Opinions expressed here are my own and do not represent the views of the congregation I joyfully serve. But my congregation loves me!

Tuesday, September 09, 2008

The Historicity of Peter Pan

I finally had the chance to watch the 2007 debate between James Crossley and William Lane Craig. Here is my caricature summary.

Question: Is it historically plausible that Peter Pan took the children to Neverland? Professor Craig begins with evidence for the affirmative.

Craig: (Primly dressed in a suit.) There are four pieces of historical evidence.
1) The window was open.
2) The children were not in their beds.
3) The journey was multiply attested by three independent witnesses: Wendy, John, and Michael.
4) This event is continually reported. It was even made into a movie.

Supporting evidence #1: It is especially significant that Peter's favorite is Wendy. Why would the author rely upon a girl as the main witness when girls were notoriously known as nasty little fibbers in Victorian England? Evidence, certainly, for the historicity of the narrative.

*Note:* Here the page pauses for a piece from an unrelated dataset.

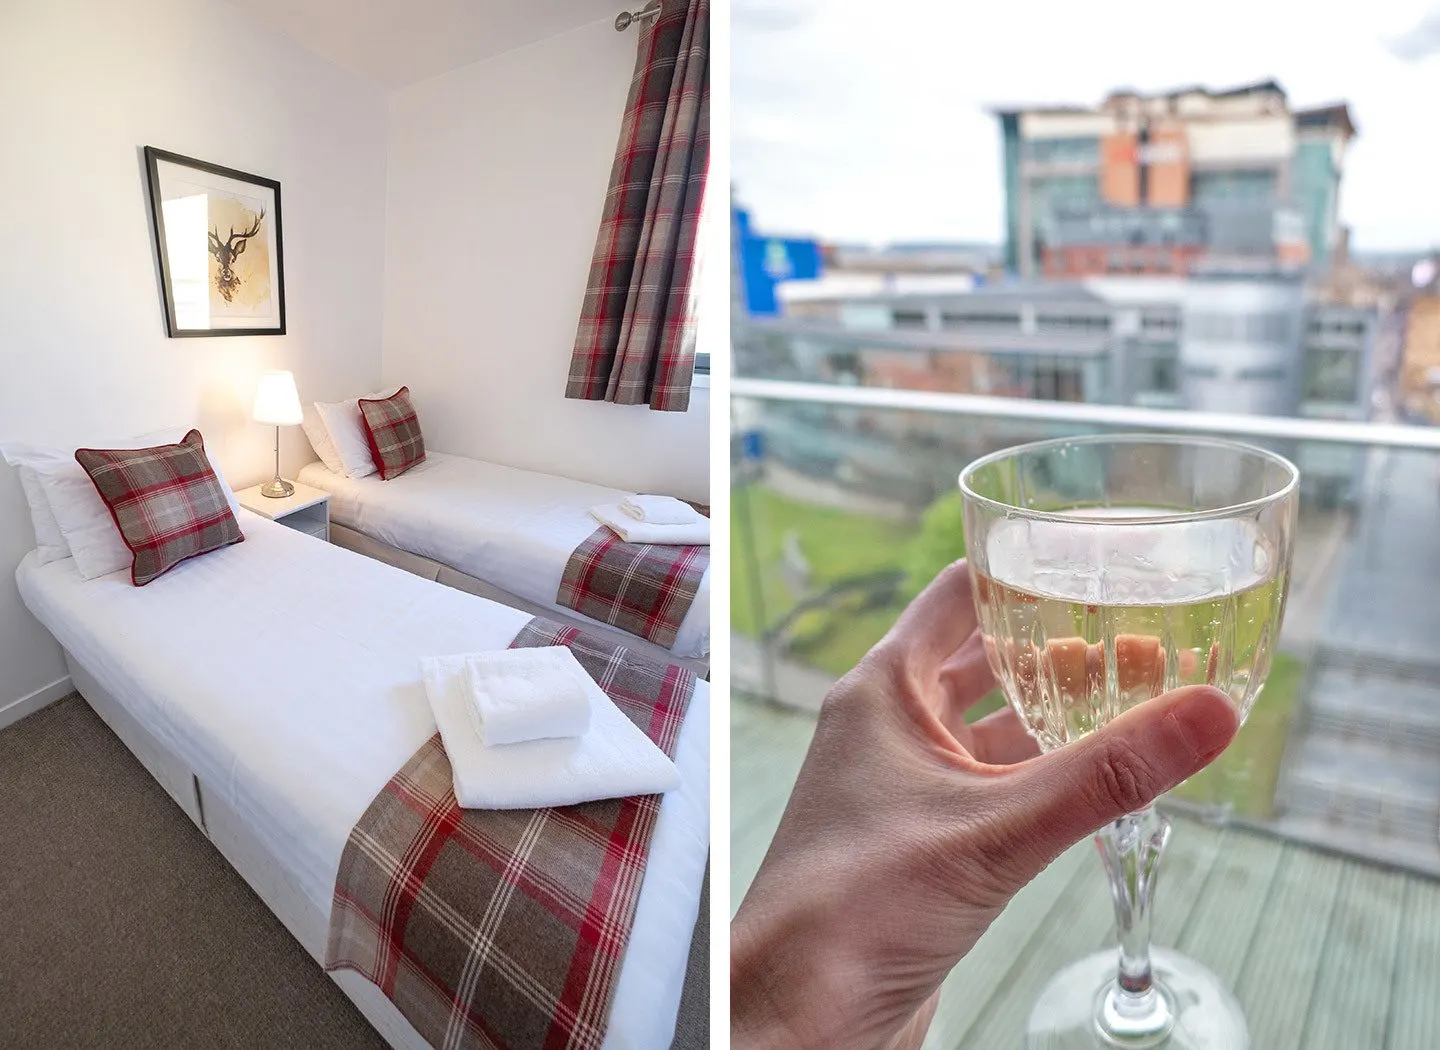 Matrix apartments in Glasgow – bedroom and balcony
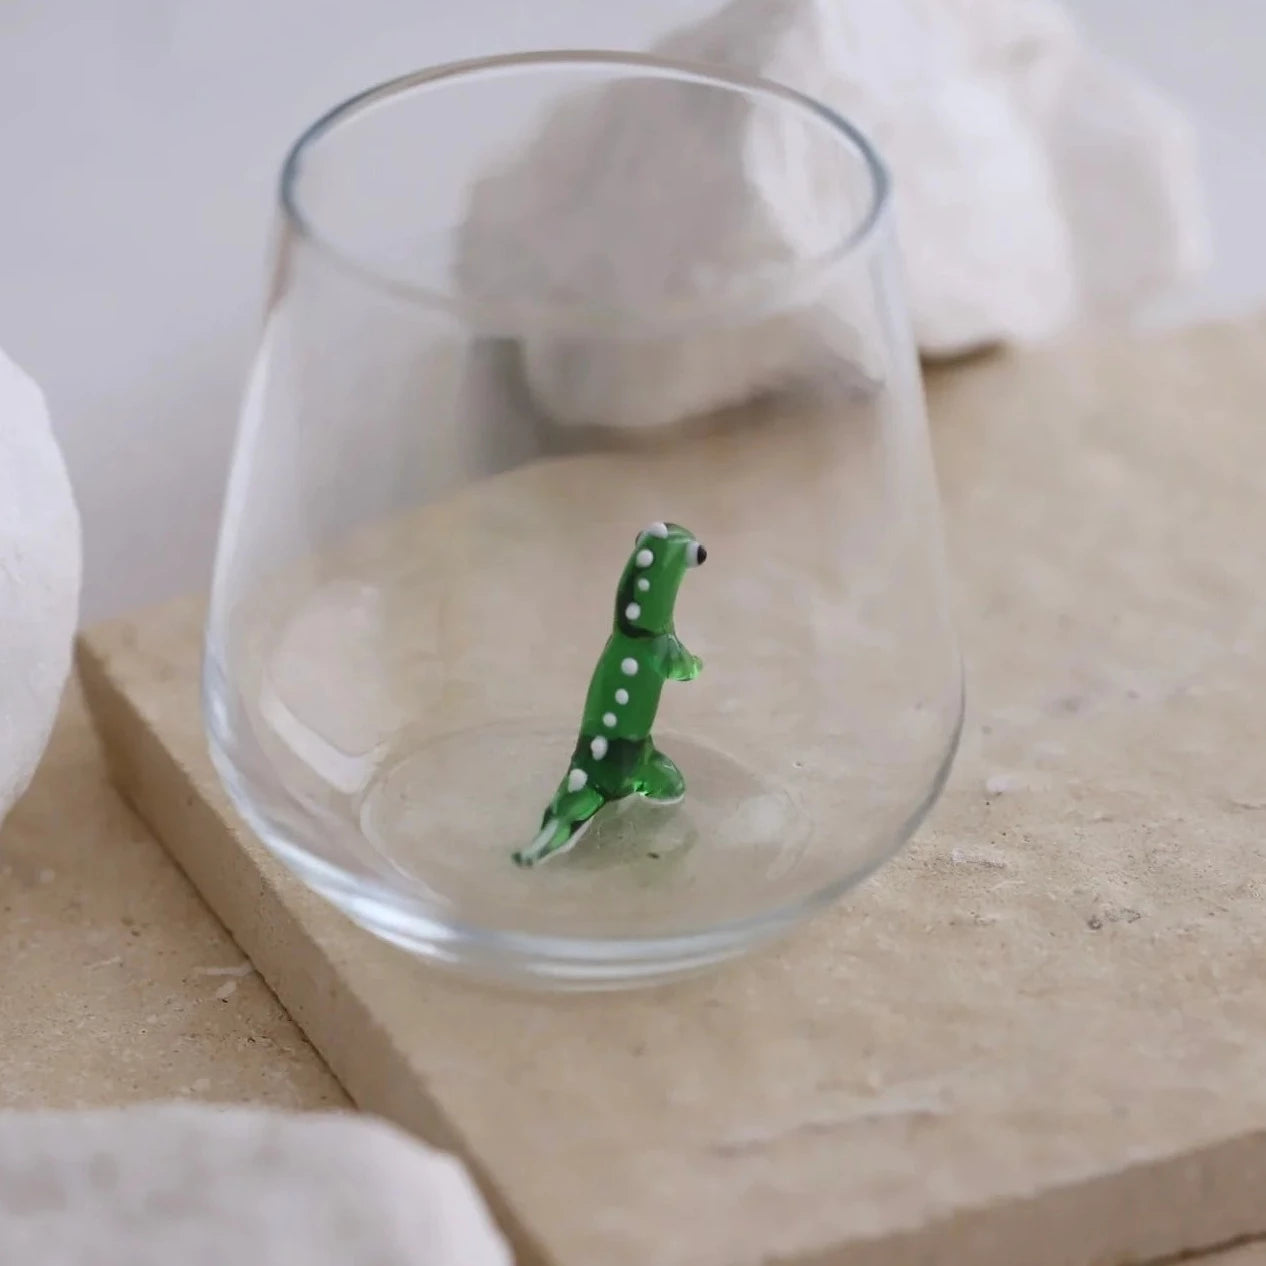 Tiny Animal Wine Glass, Dinosaur Decor MiniZoo

Supporting evidence #2: While some of the details of the battle between Pan and Hook may have been embellished, scholars can nevertheless trust that the children were taken to Neverland; there was indeed a battle, and Pan was victorious.

Crossley: (No tie. Shirt untucked.) Only Pansians are blind to the obvious. It is a story.

Craig: Professor Crossley has failed to address the evidence. The window was open, the children were not in their beds....

Crossley: Are you kidding me?

Craig: Crossley is a naturalist.

Crossley: Why am I here?

You can watch the debate on William Lane Craig's myspace.